---------- DATA EXTRACT ----------

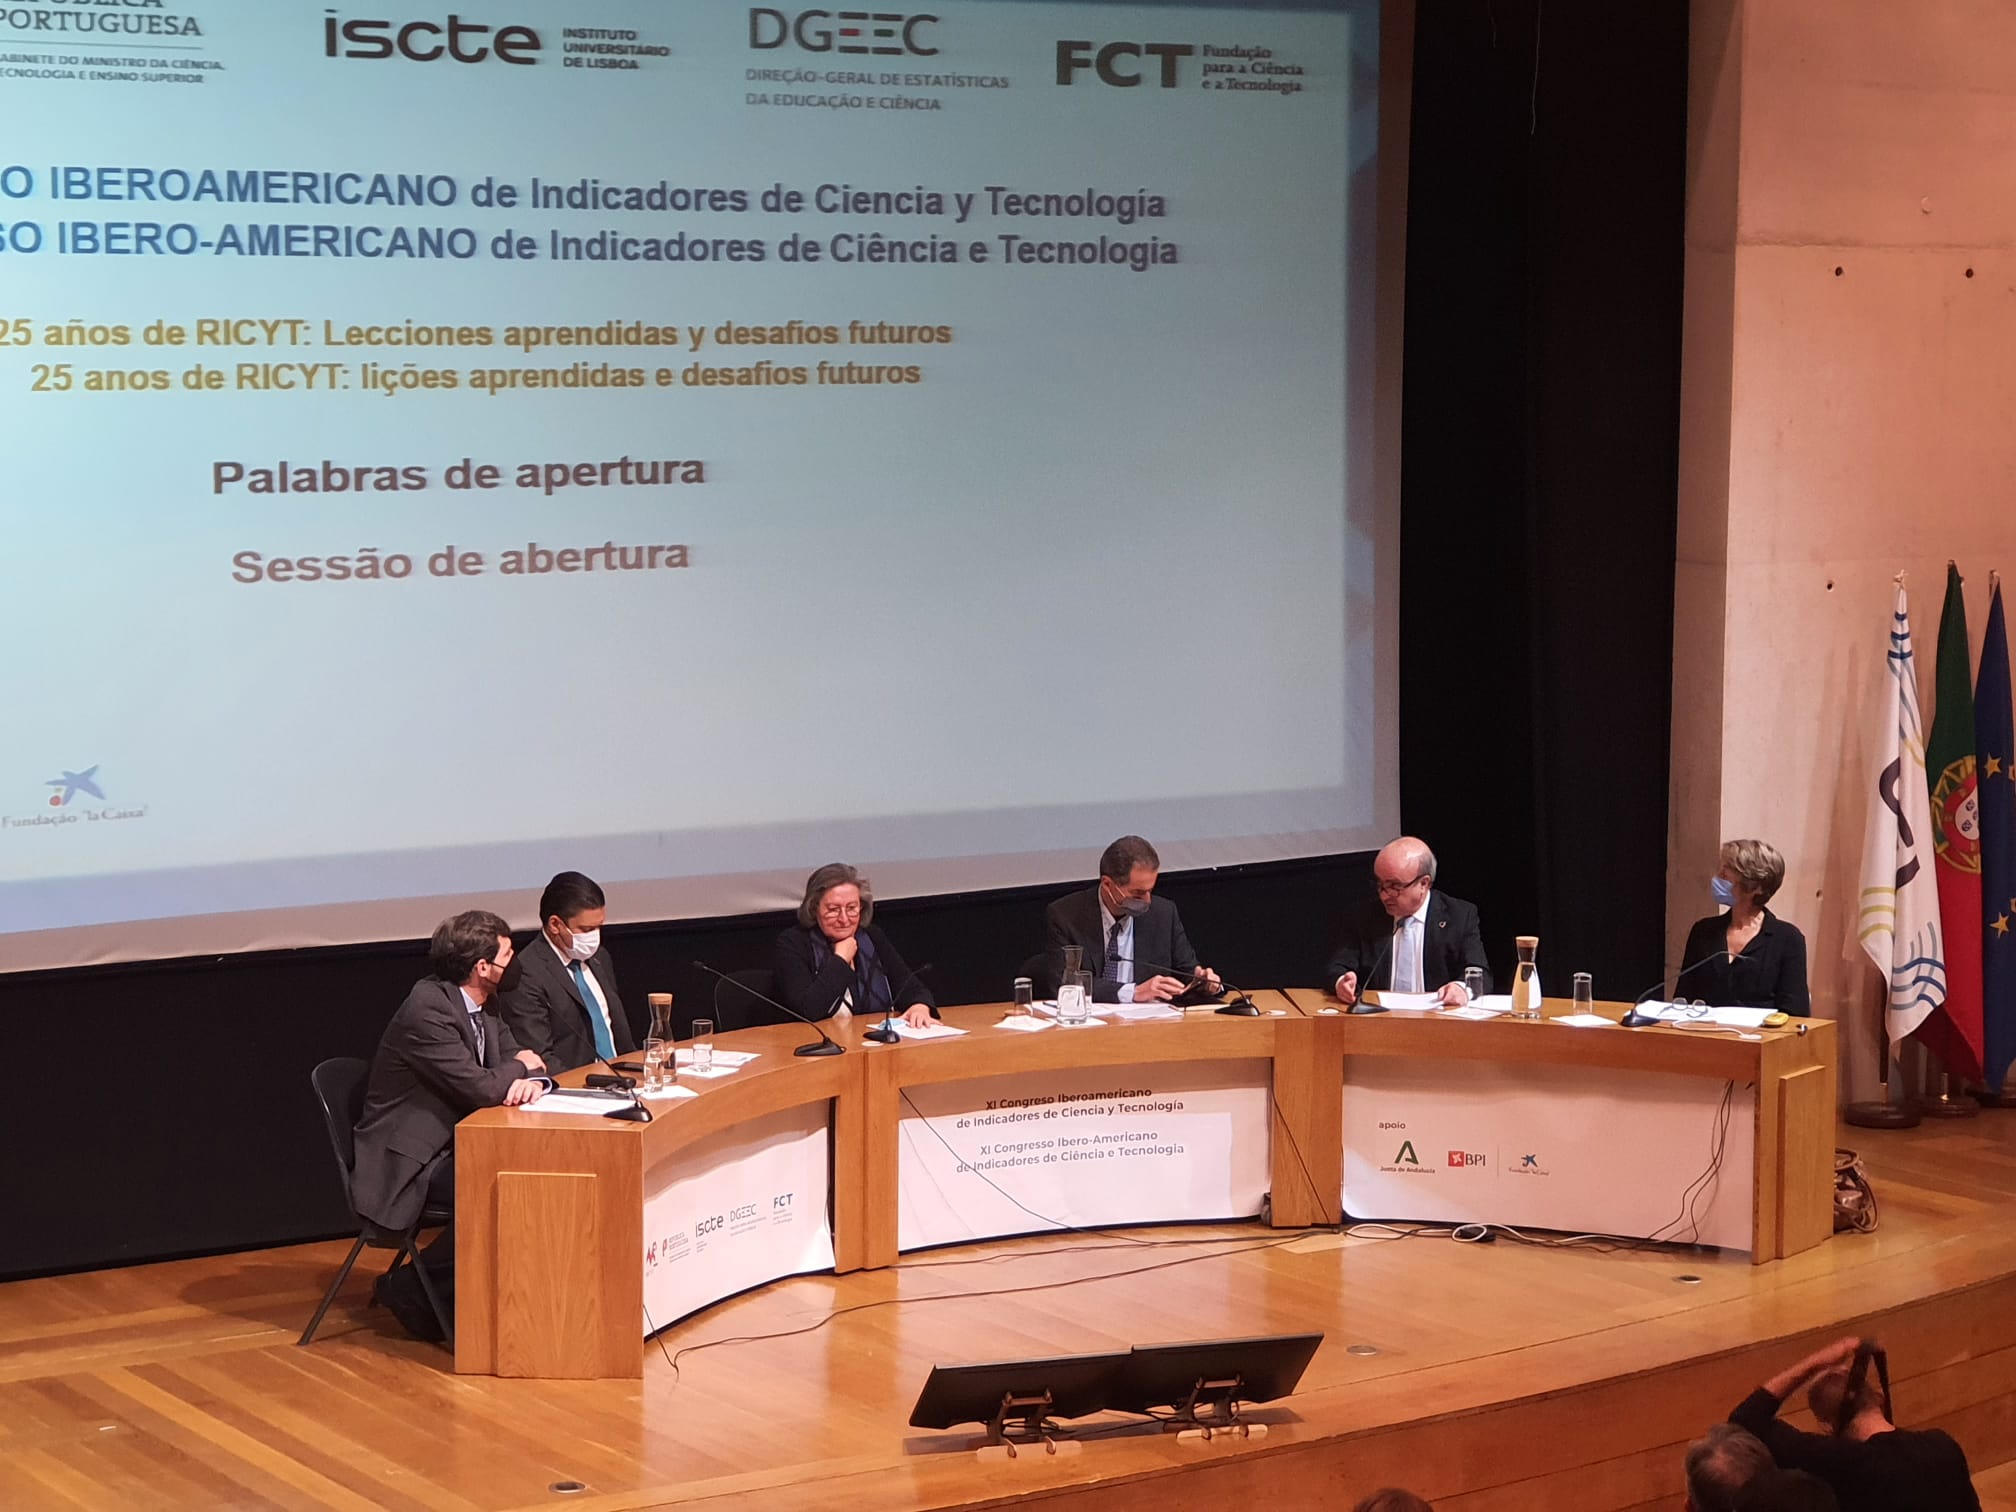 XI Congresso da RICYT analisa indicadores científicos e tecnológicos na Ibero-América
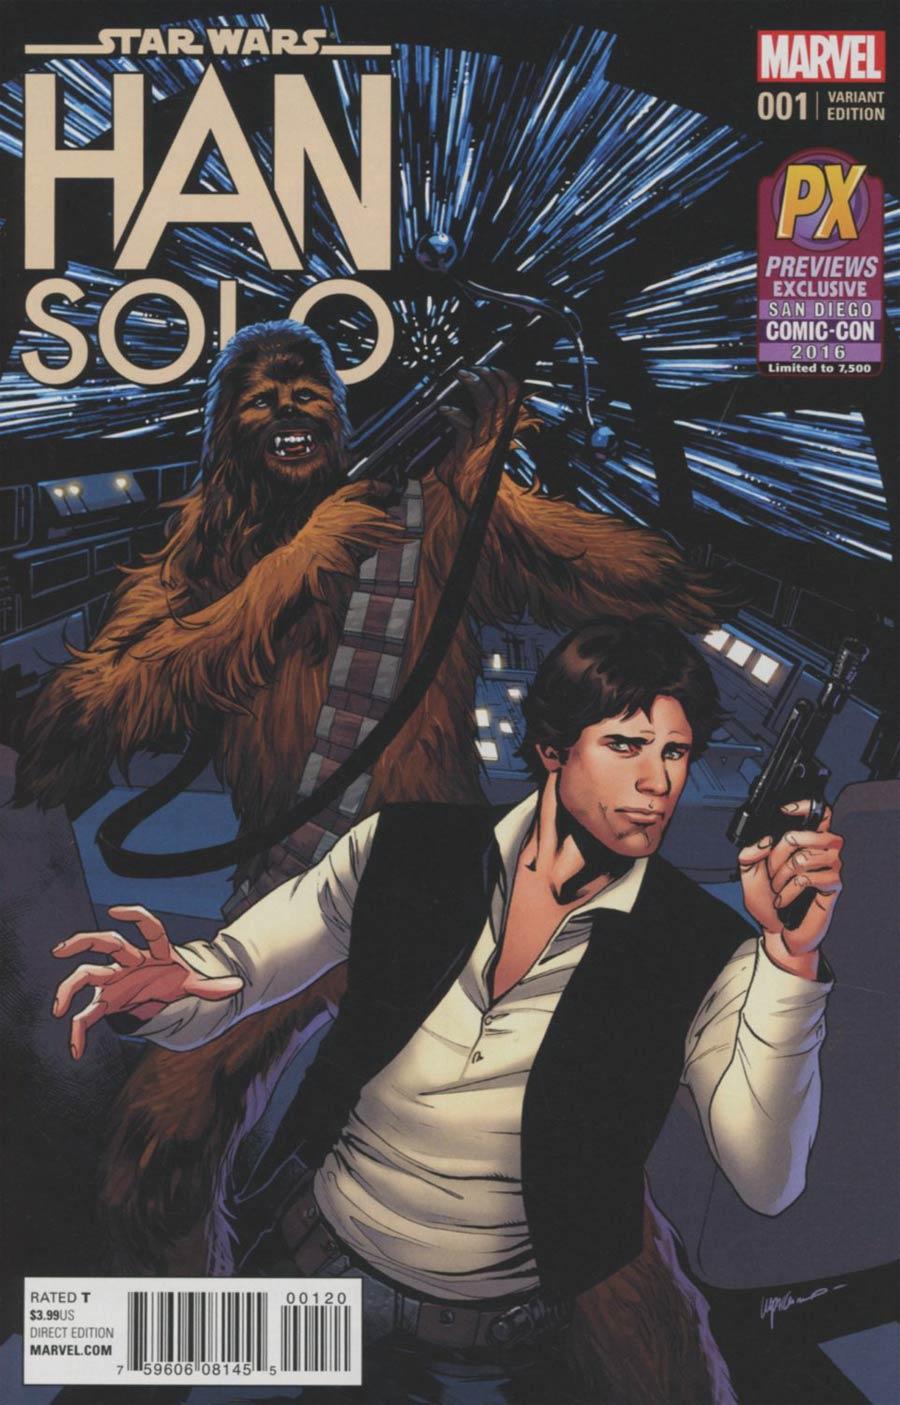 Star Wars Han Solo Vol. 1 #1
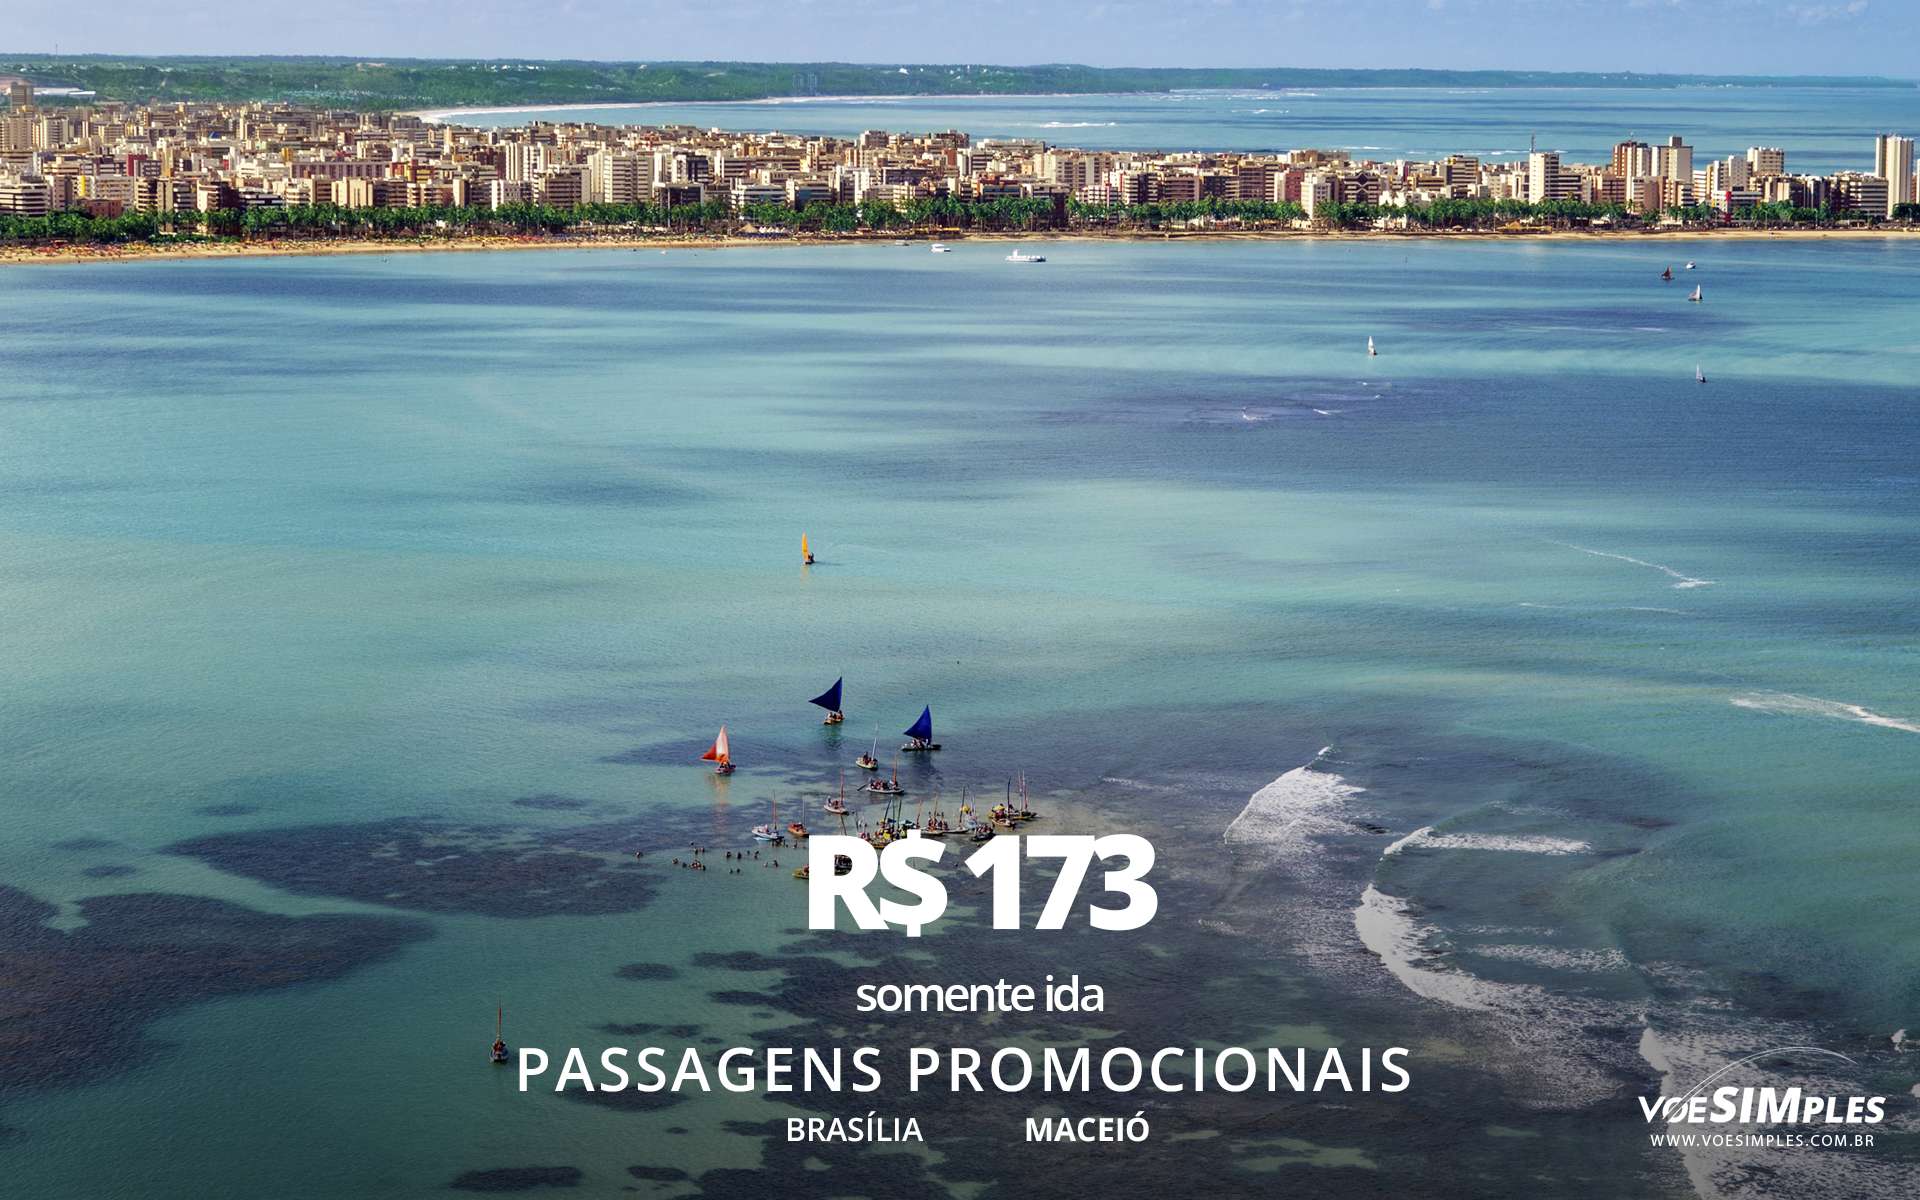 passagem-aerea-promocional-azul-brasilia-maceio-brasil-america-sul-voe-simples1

----------

**YOUR ASSIGNMENT**
Retype the whole of the data verbatim. Skip every picture.

**OUTPUT OF THE EXERCISE**
 XI Congresso da RICYT analisa indicadores científicos e tecnológicos na Ibero-América
 Star Wars Han Solo Vol. 1 #1
 passagem-aerea-promocional-azul-brasilia-maceio-brasil-america-sul-voe-simples1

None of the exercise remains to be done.